=== Task goal ===
Repeat the data that follows in full. Do not include the pictures.

=== Supplied data ===
##############################

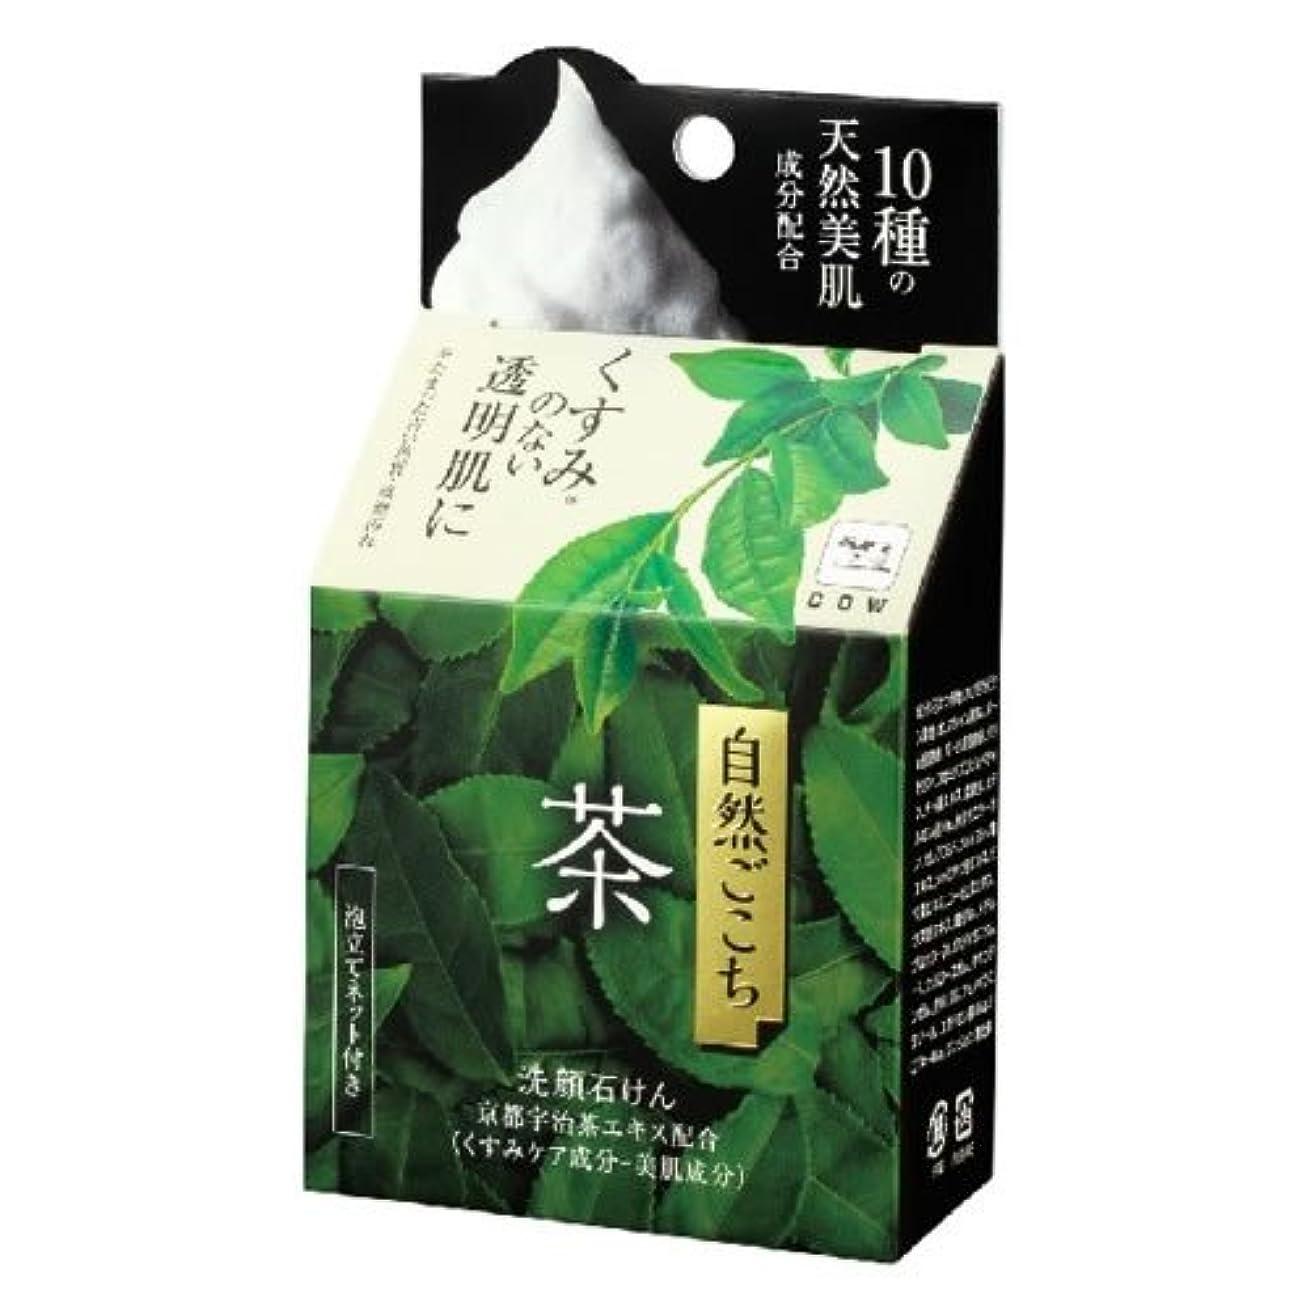 クーポンセメント鉛筆牛乳石鹸共進社 自然ごこち 茶 洗顔石けん 80g (お茶エキス配合洗顔せっけん) ×48点セット (4901525002288)
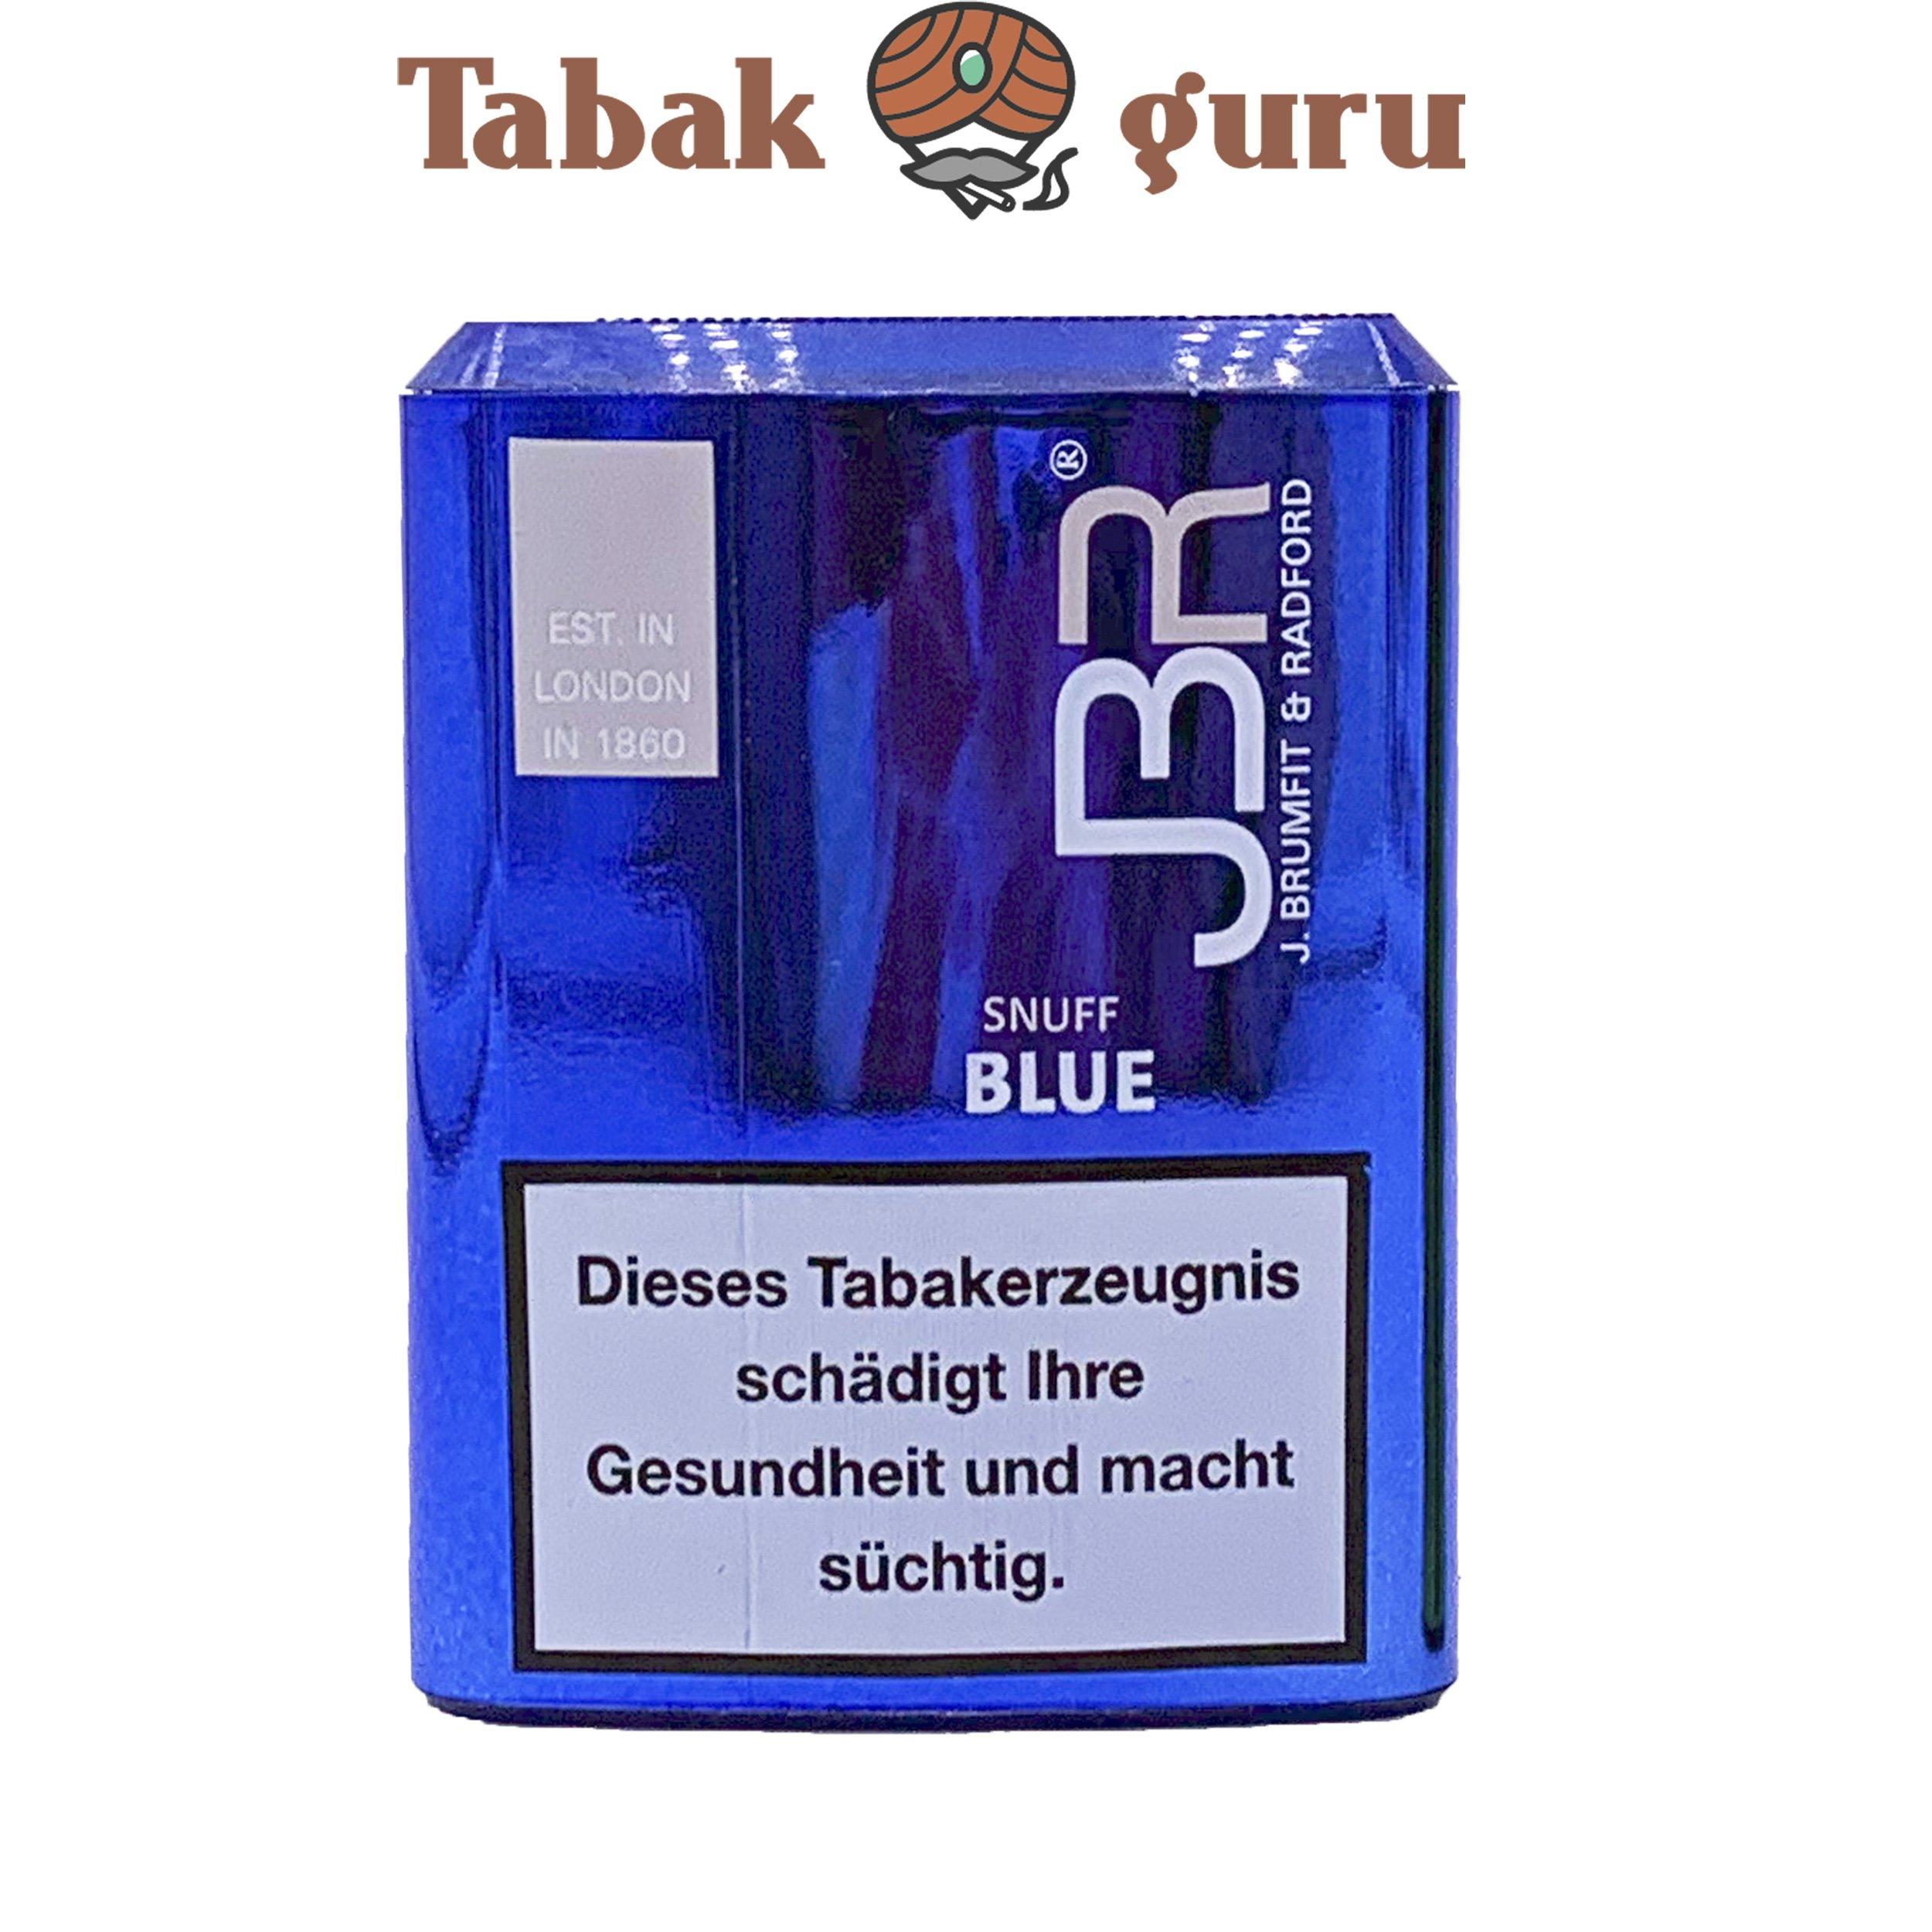 JBR Blue Snuff Schnupftabak
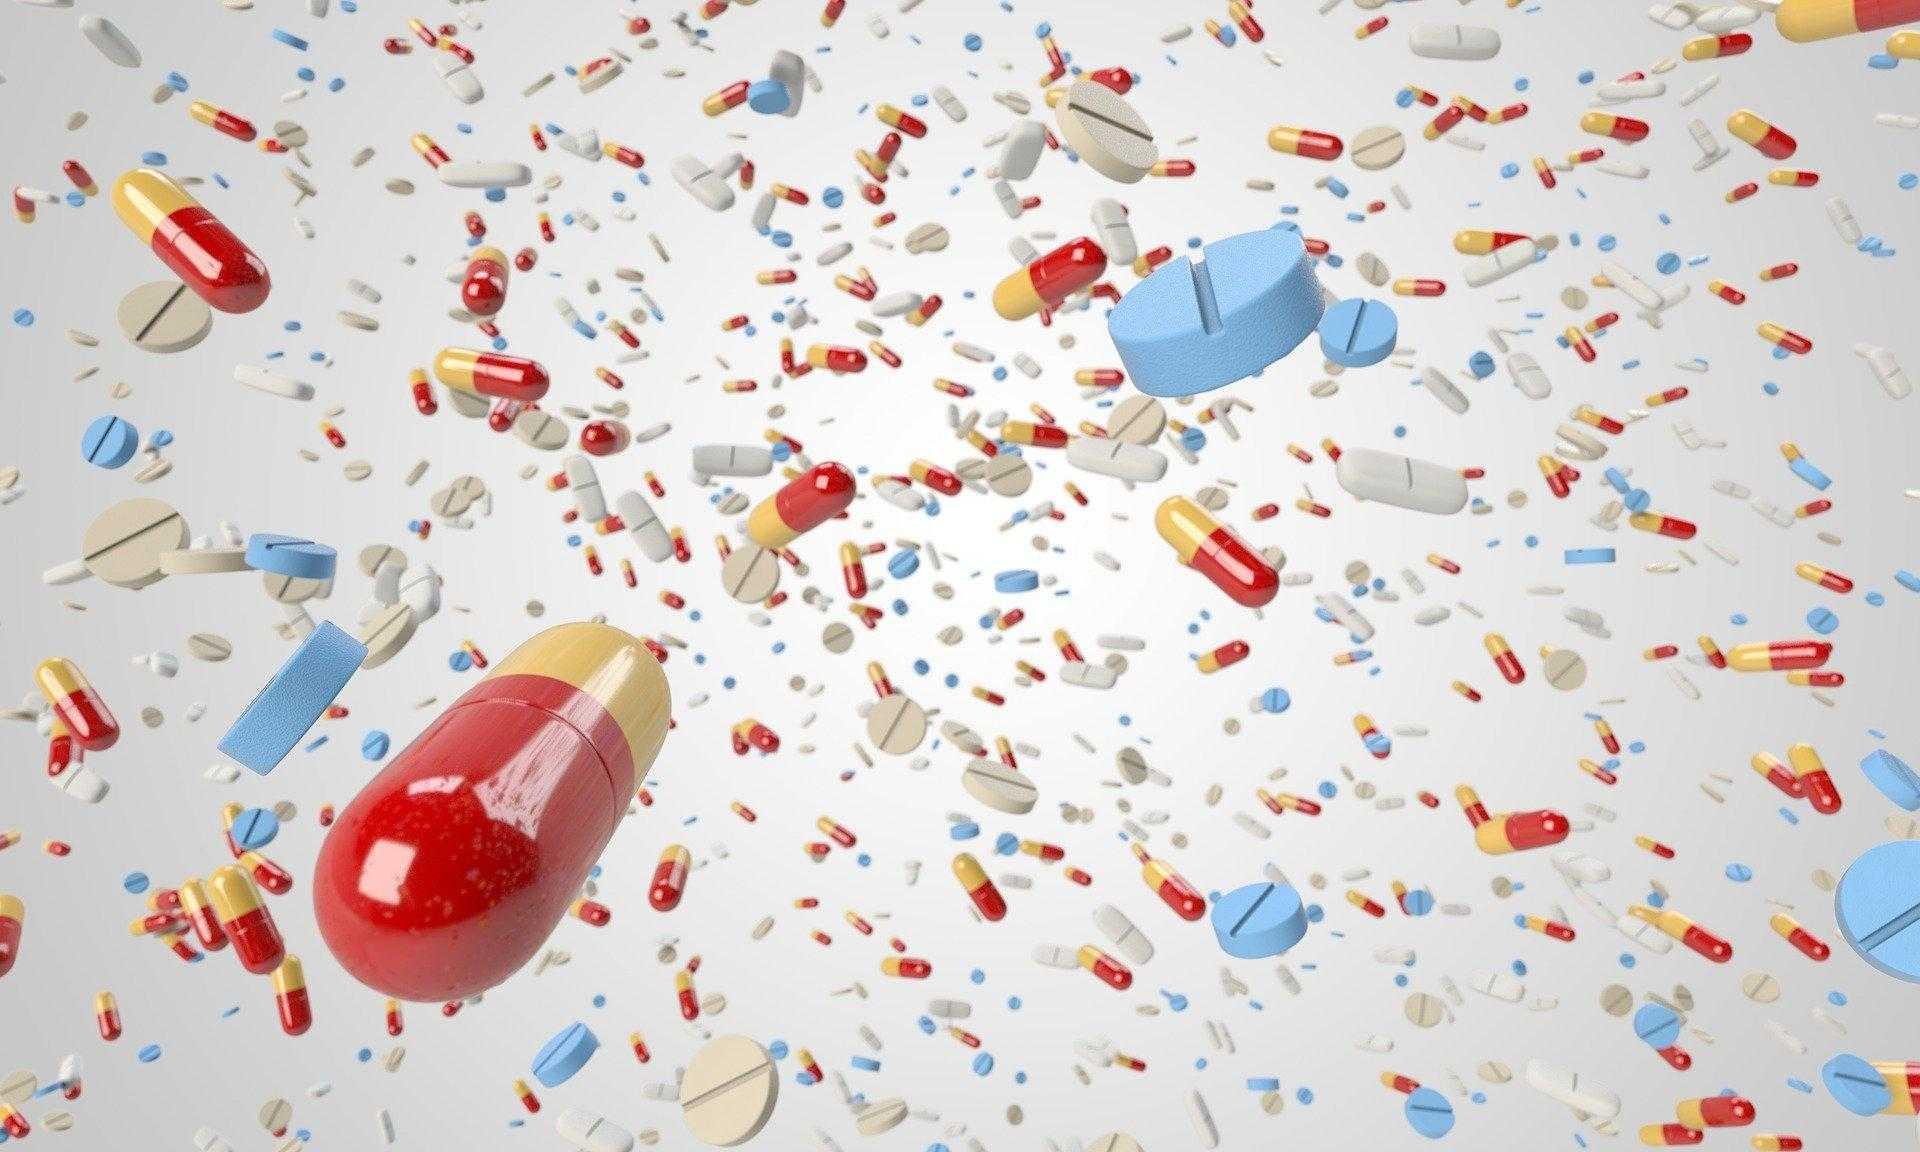 Perché le aziende farmaceutiche riducono la spesa nella pubblicità direct-to-consumer

##############################

=== Expected output ===
 クーポンセメント鉛筆牛乳石鹸共進社 自然ごこち 茶 洗顔石けん 80g (お茶エキス配合洗顔せっけん) ×48点セット (4901525002288)
 JBR Blue Snuff Schnupftabak
 Perché le aziende farmaceutiche riducono la spesa nella pubblicità direct-to-consumer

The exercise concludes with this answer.